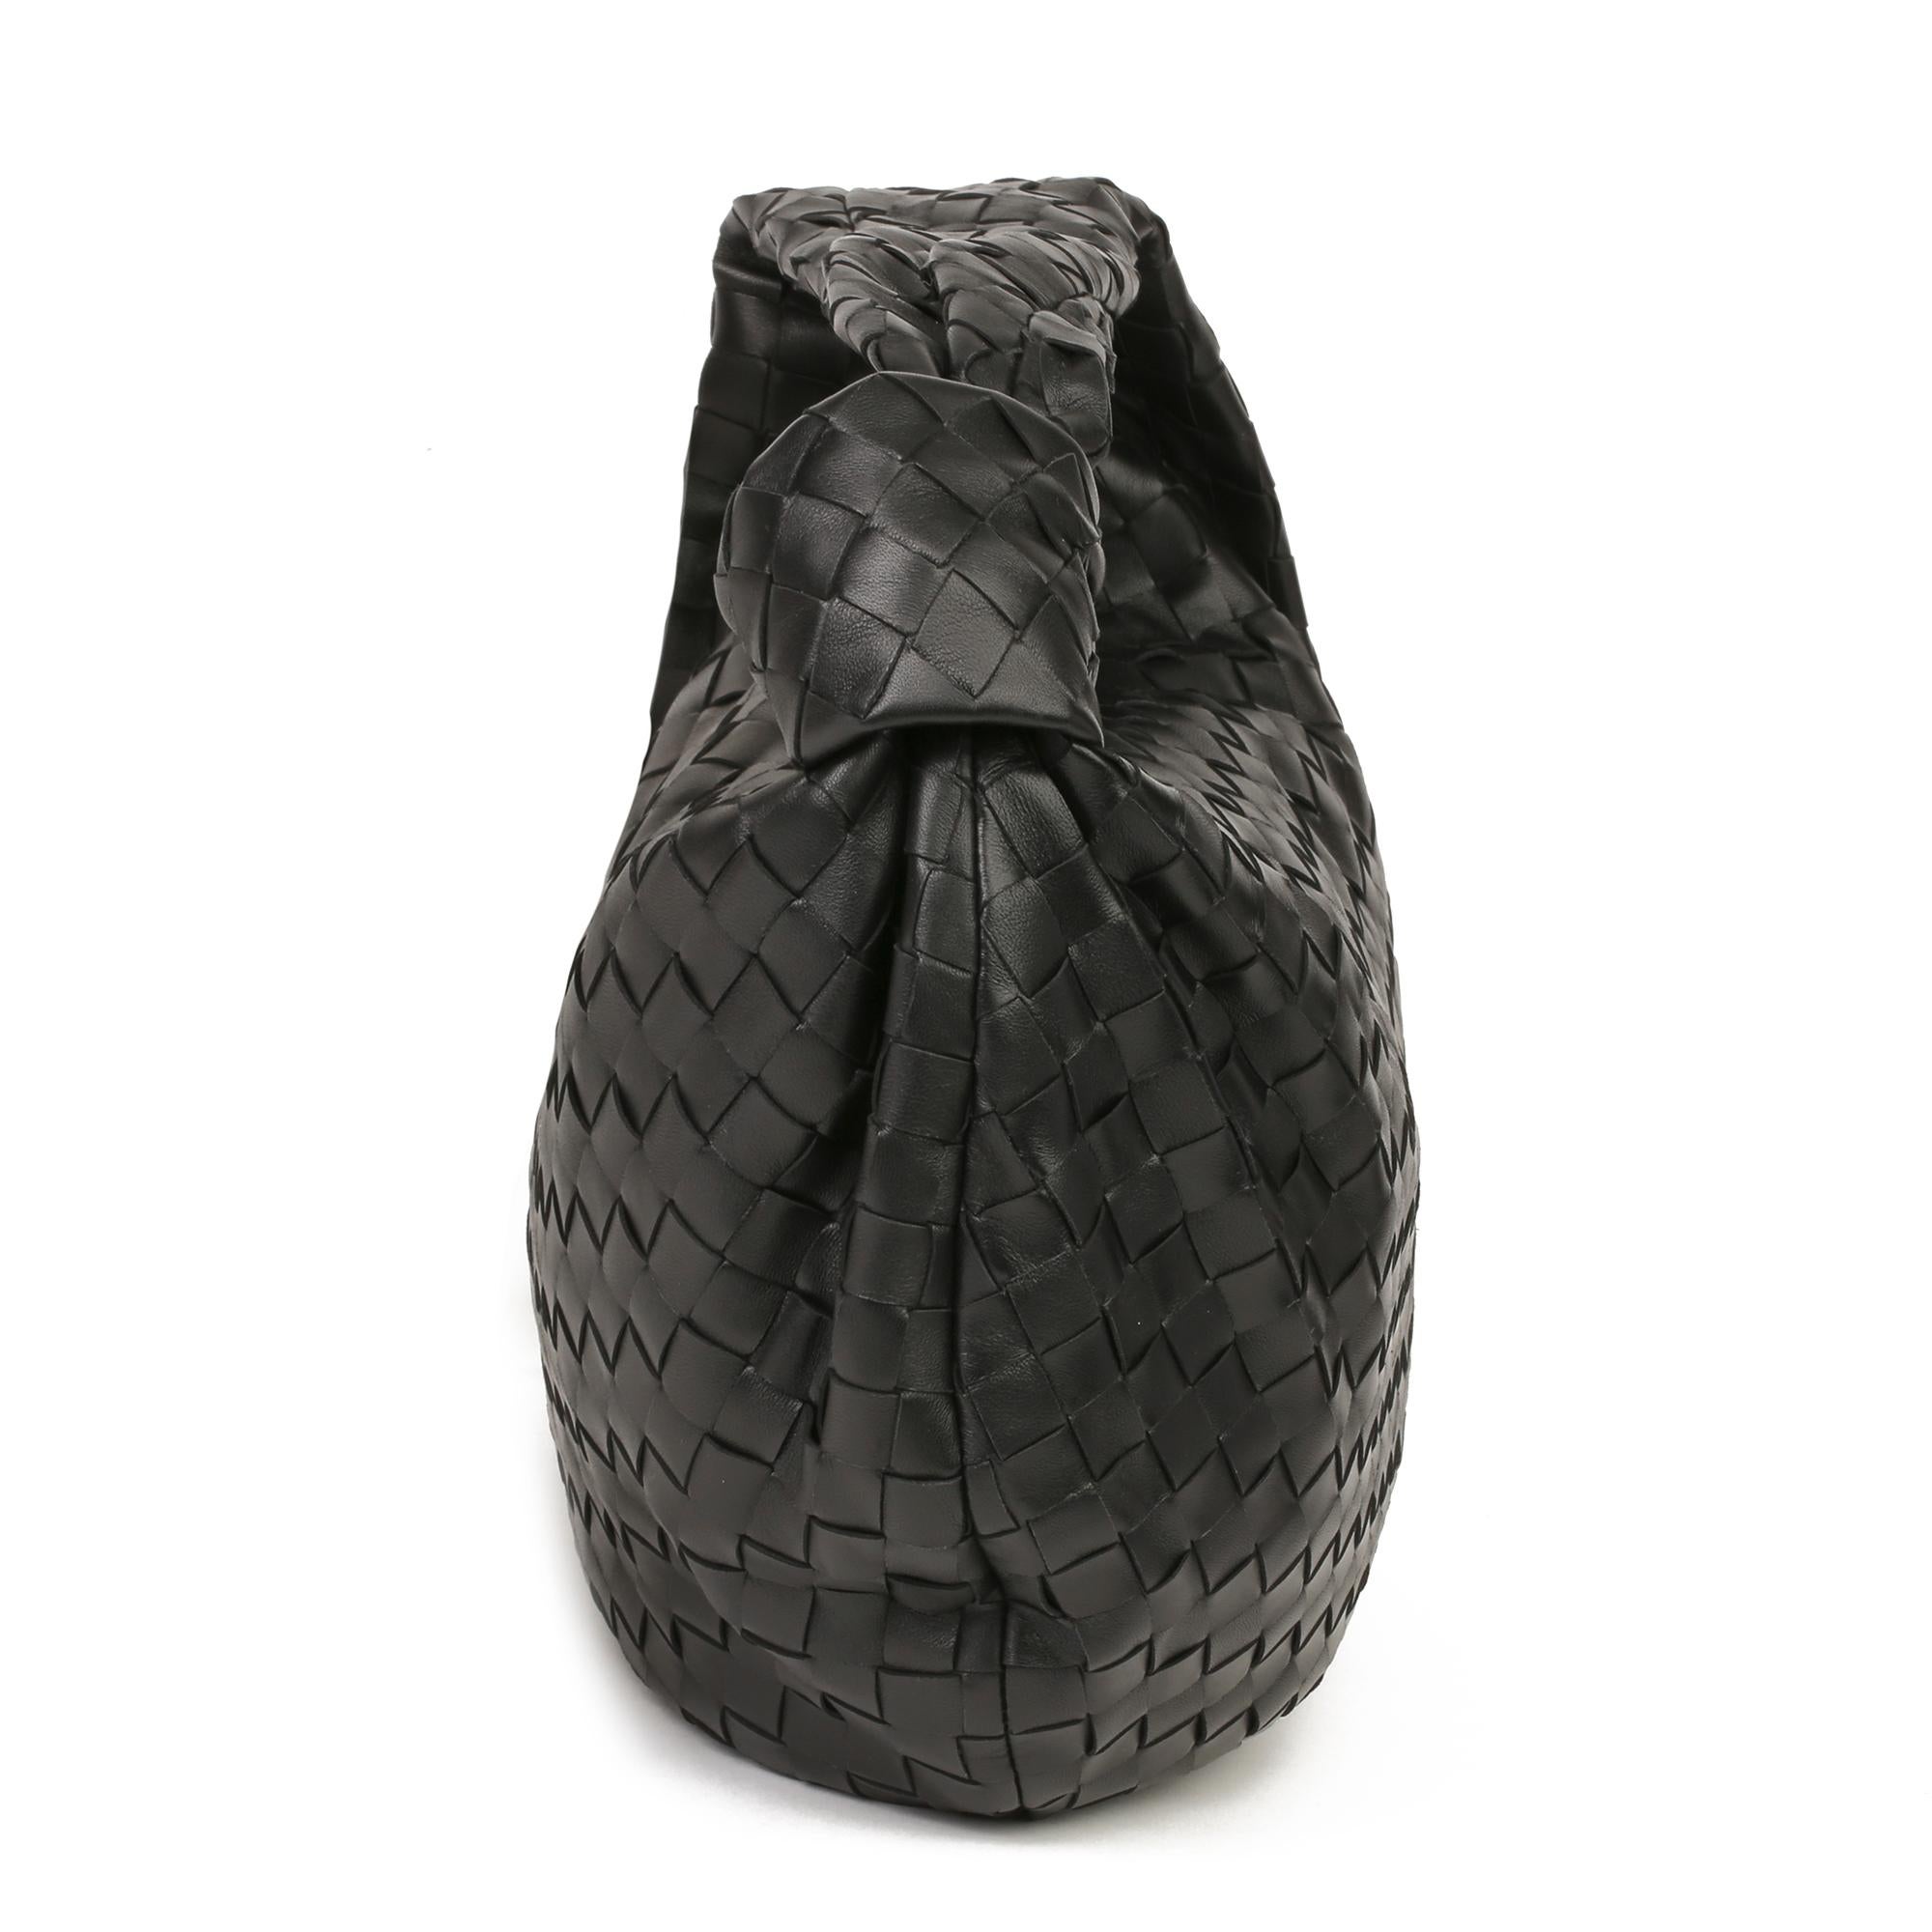 BOTTEGA VENETA
Black Intrecciato Woven Calfskin Leather The Small Jodie

Xupes Reference: HB3786
Serial Number: B08956592W
Age (Circa): 2020
Accompanied By: Bottega Veneta Dust Bag, Care Booklet
Authenticity Details: Date Stamp (Made in Italy)

····················

- WHAT YOU WILL DO
What is needed is a word-for-word copy of the records above, excluding pictures.

- WRITTEN RESPONSE
 BOTTEGA VENETA
Black Intrecciato Woven Calfskin Leather The Small Jodie

Xupes Reference: HB3786
Serial Number: B08956592W
Age (Circa): 2020
Accompanied By: Bottega Veneta Dust Bag, Care Booklet
Authenticity Details: Date Stamp (Made in Italy)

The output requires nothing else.